Вообще-то, отвлекаясь от темы, девушкам очень выгодно иногда казаться тупой. И чем тупее, тем лучше. При этом можно произносить с диким восторгом «какая чуда!», интенсивно махая руками и проявлять крайнюю беспомощность в мелких вопросах. И прелестно грустить, что «такую чудную шубку присмотрела, да-да, в том самом магазине на углу, всего за миллион. Но ты не покупай её мне ни в коем случае, это слишком дорого. Ах, как мне грустно без неё! Какая я слабая…». Но дальше тупить у меня не получается, потому что ответили нам совершенно чётко: маралов до вечера не увидеть. Стремительно умнею. Рядом на земле лежит деревянная чурка. Плюхаюсь на неё, без приглашения и спрашиваю дальше, ибо не зря же мы шли! Хотя бы за информацией! - А где тут в Шебалино на яка можно посмотреть? - На кого? – переспрашивает меня всё тот же мужик. - На сарлыка, - называю яка более приемлемым здесь названием. – Говорят, тут какой-то предприниматель держит. На другой стороне от села. - А… Есть такой. Но он никого не пускает смотреть. Так что можете даже не ходить, - говорит он. Блин. Похоже, и «две крайние цифры» тоже не ответили. Вяло бултыхаю в руке бутылку с водой: - Ну вот…

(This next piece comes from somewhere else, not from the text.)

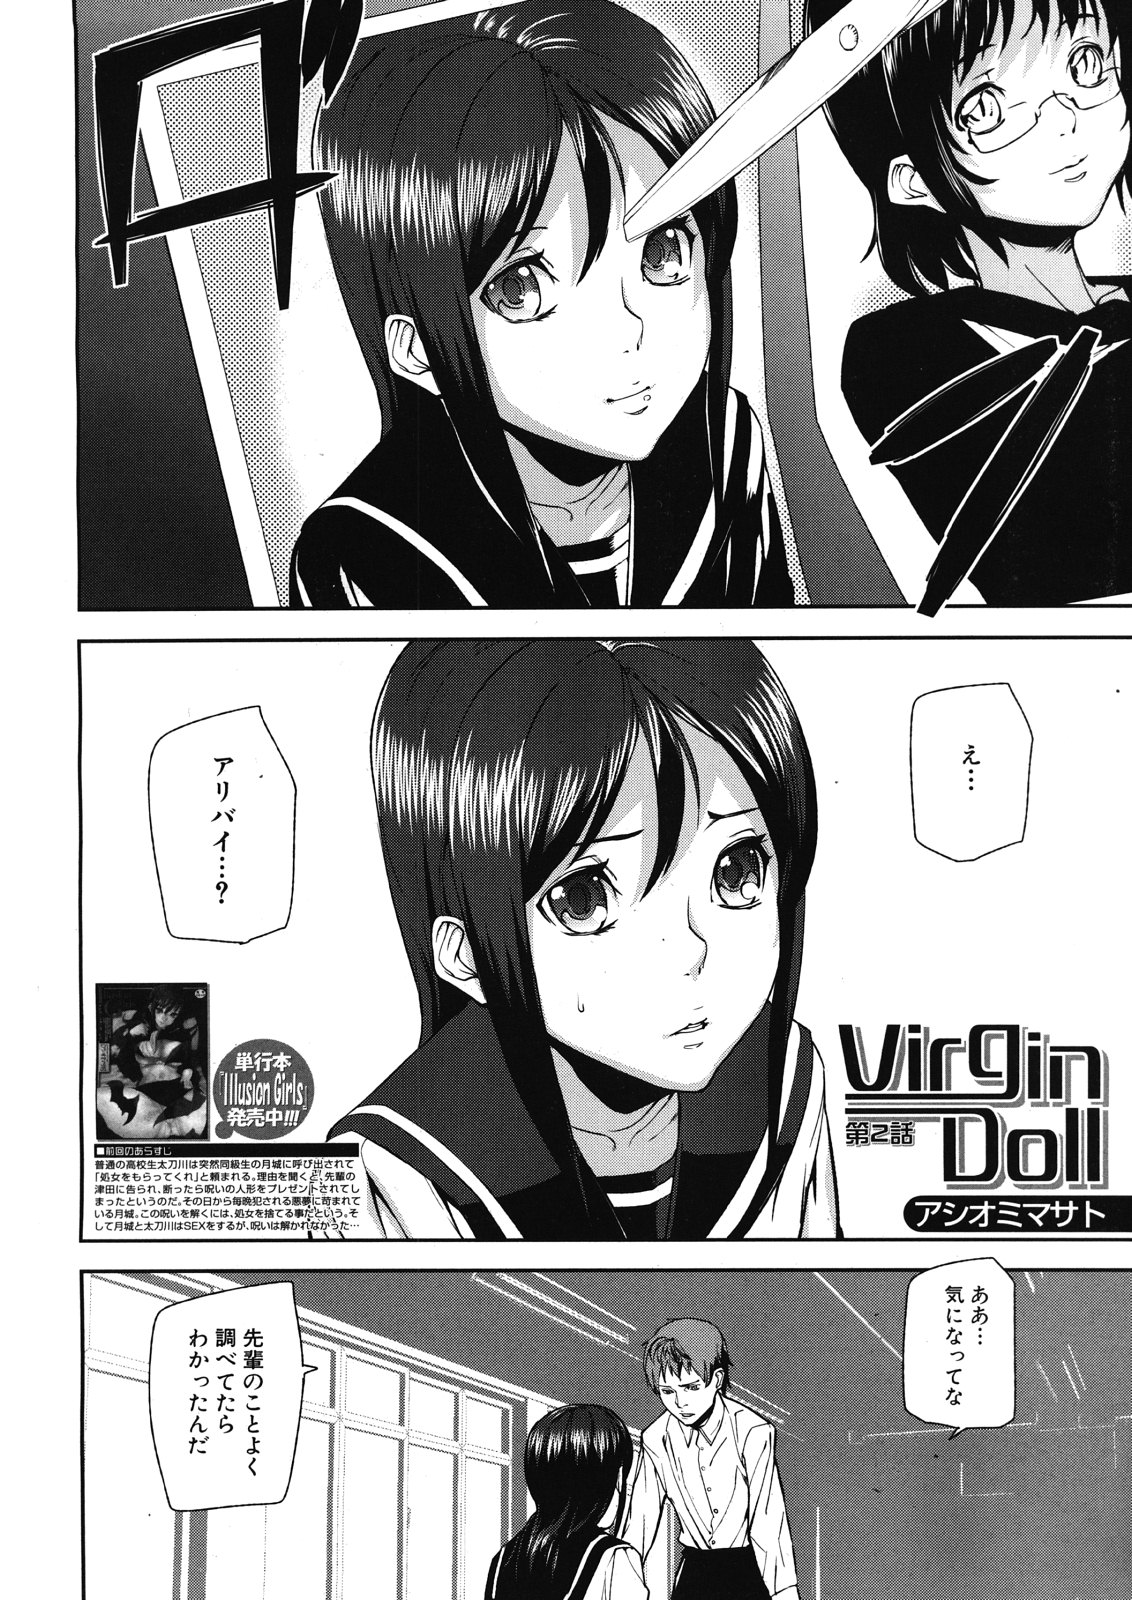 [Ashiomi Masato] Virgin Doll Ch. 1-3 page 34 full

Изображать тупость и беспомощность не хочется. - Вы, если хотите, можете гипсового марала сфоткать, - предлагает мне другой мужик из их компании. - Конечно, хочу, - соглашаюсь я. На безрыбье, как там дальше… Мне показывают куда идти, и я поднимаюсь дальше по дороге наверх. Все они, и Антон тоже, смотрят, как иду. Наконец, приближаюсь к статуе оленя. Рядом с ней ещё два мужика, смотрят на меня сурово. Они заняты строительством маленького айыла. - Бог в помощь! – приветствую их. - Спасибо, - отвечает один из них и сразу добреет. - Я только оленя сфоткаю. А то живые все от жары ушли за перевал, - поясняю своё появление. Молча разрешают. Неподалёку начинает грозно лаять собака: всё громче и громче. Приближаюсь к оленю. - Сто-о-ой! – кричит сзади меня Антон. – Дальше не ходи! Хм. Ладно. Быстро фоткаю. Олень красив. Жалко, что это всего лишь статуя. Оборачиваюсь, чтобы идти обратно. - Спасибо! – говорю мужикам. - Спасибо не булькает, - тут же отвечает один из них. Непонятно: шутит или нет. Борзо улыбаюсь и прохожу мимо. Собака продолжает лаять сзади.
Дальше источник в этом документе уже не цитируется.